Какие могут быть посиделки? Долой их. Еще заговор какой-нибудь сочинят там. Вот вам Нардом, и веселитесь, сколько душе угодно. Да и это прибежище для молодых у них было не свое, а отнятое у мужика-трудяги. Тут уж под недремлющим оком какого-нибудь Федюшки или Артамошки из голяков-прохиндеев, по своей закоренелой лежебокости не построивших путной избы, вдруг выбившихся в активисты у новых властей, стали учить людей уму-разуму. И по такому случаю снимали с плечей ветхие зипунишки и напяливали на себя длиннополые шинели и шлемы-буденовки. А когда еще на бок поддевалась шашка, то и вовсе делались парнями на деревне нового образца.

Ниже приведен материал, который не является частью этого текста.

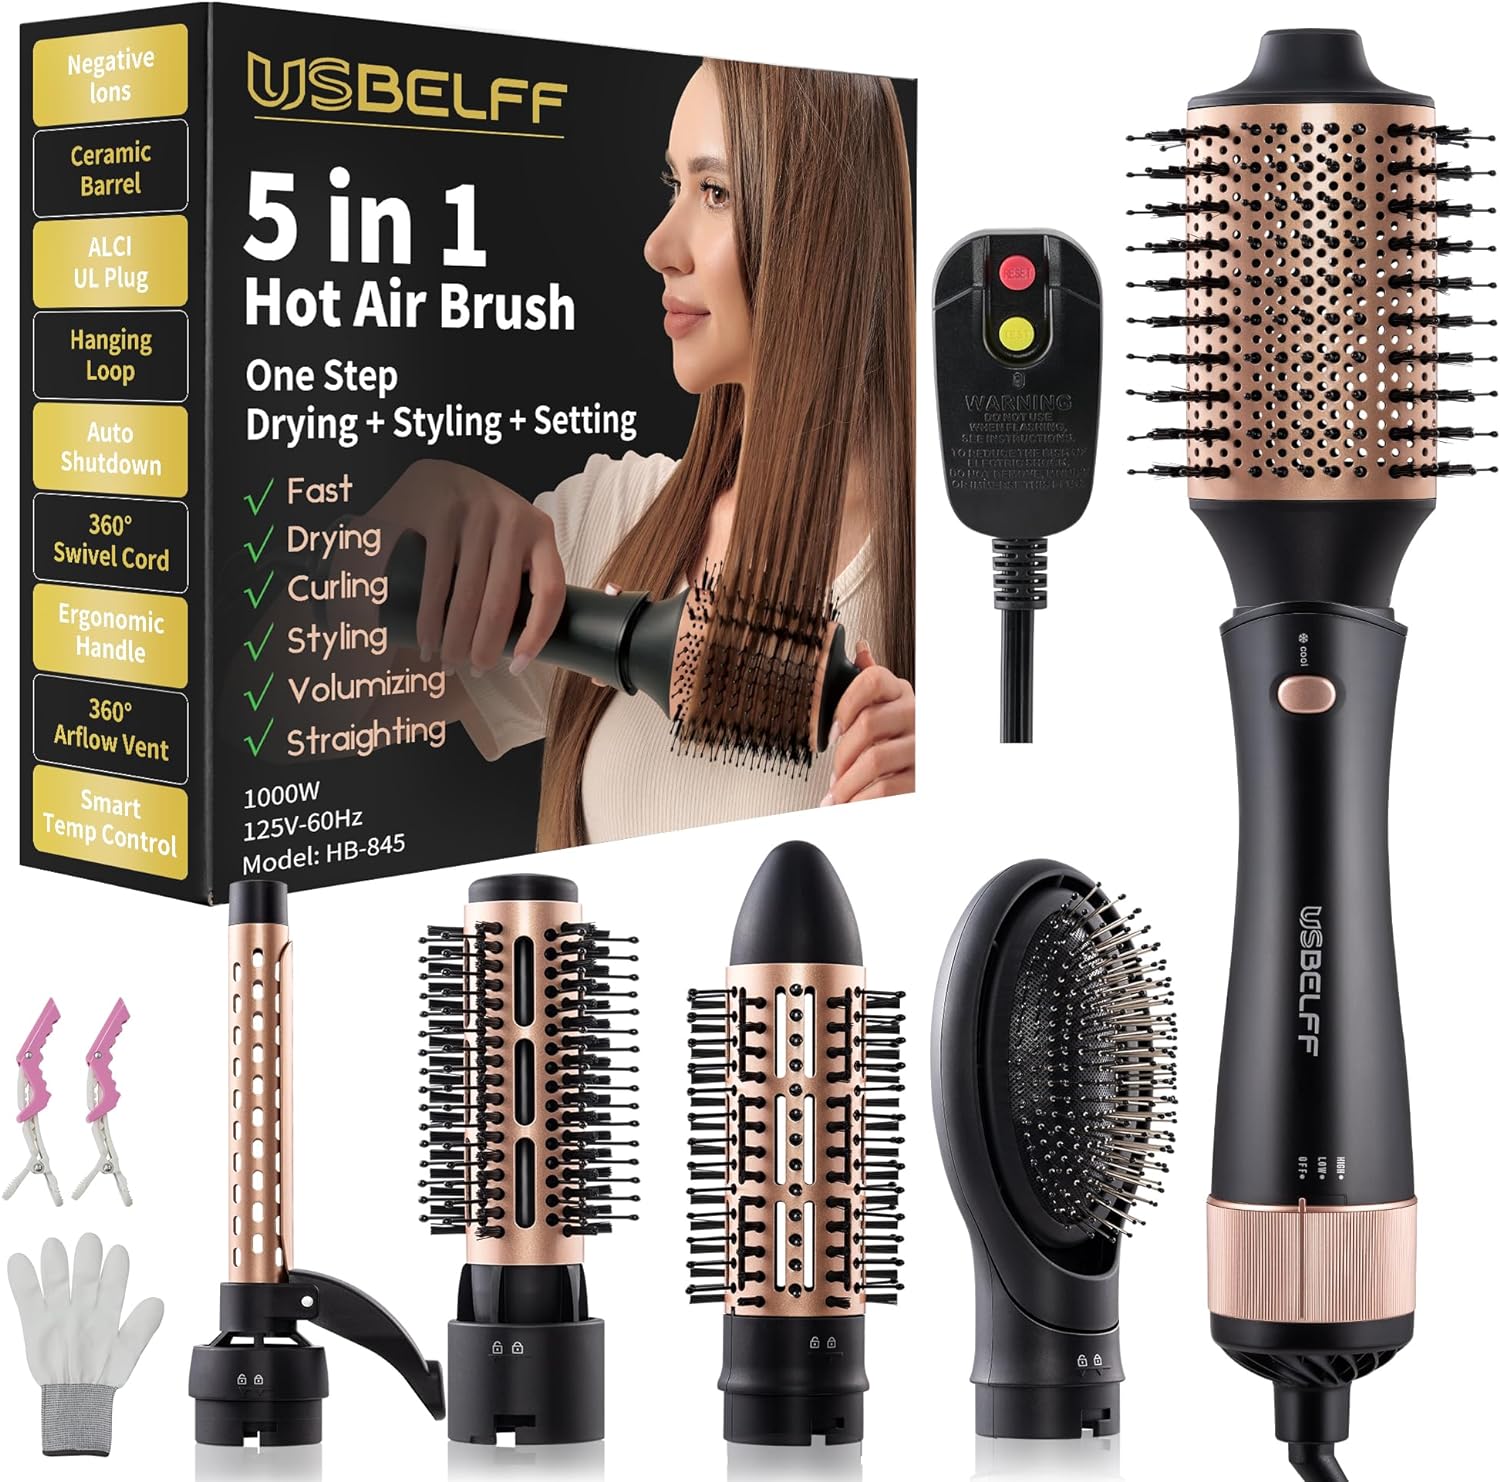 Hot Air Hair Dryer Brush - 5-in-1 Round Blow Drying Brush Set for One-Step Blow Drying, Volumizing, Styling Straighting and Slightly Waving Hairs

С какой грустью в голосе вспоминала моя бабушка, как девки того или иного околотка начинали еще заранее готовиться к посиделкам-вечеркам. Договаривались с какой-нибудь одинокой старушкой или женщиной-бобылкой, чтобы дом на это время отдала она в их владение. Накануне вечеринки в кадушке девки кипятили воду раскаленными дресвяными камнями, распаривали рогожные мочала в ней, посыпали песком пол и терли половицы до полной белизны. Накидывали тонким слоем свежую траву. Теперь изба гляделась светло и празднично. Позже трава убиралась, стены и пол как бы насыщались новыми запахами, ароматами свежего дерева. А когда заканчивались все домашние дела, наряженные девки собирались на посиделки. С собой они прихватывали шерсть и на веретене сучили ее под негромкое песенное голошение. Парни приходили чуть позже. Тоже приодетые. Рассаживались на скамейки, расставленные вдоль стен, чтобы было побольше места для плясок и танцев. Сначала как бы для разминки перед главным действом, в которое включался уже каждый из пришедших, те и другие вели приглядку друг к другу, не чураясь острого словца, шутки. Во время этих пересмешек и подкусываний девки не бросали своих занятий. Только когда начинались игры и танцы, они поднимались со стульев. Веселье длилось далеко за полночь. Наигравшись вдосталь в фантики, в ремень, наплясавшись и натанцевавшись, всей вечеркой выходили на улицу. Шествовали вдоль деревни парни и девки под частушечные перепевы. Близ дворов ухажеры выбирали своих кралей. А чуть уединившись, закидывали руки через их плечи и вели зазноб на скамеечку у ворот, а то и просто устраивались возле заплотов, не оставляя губы и руки без работы.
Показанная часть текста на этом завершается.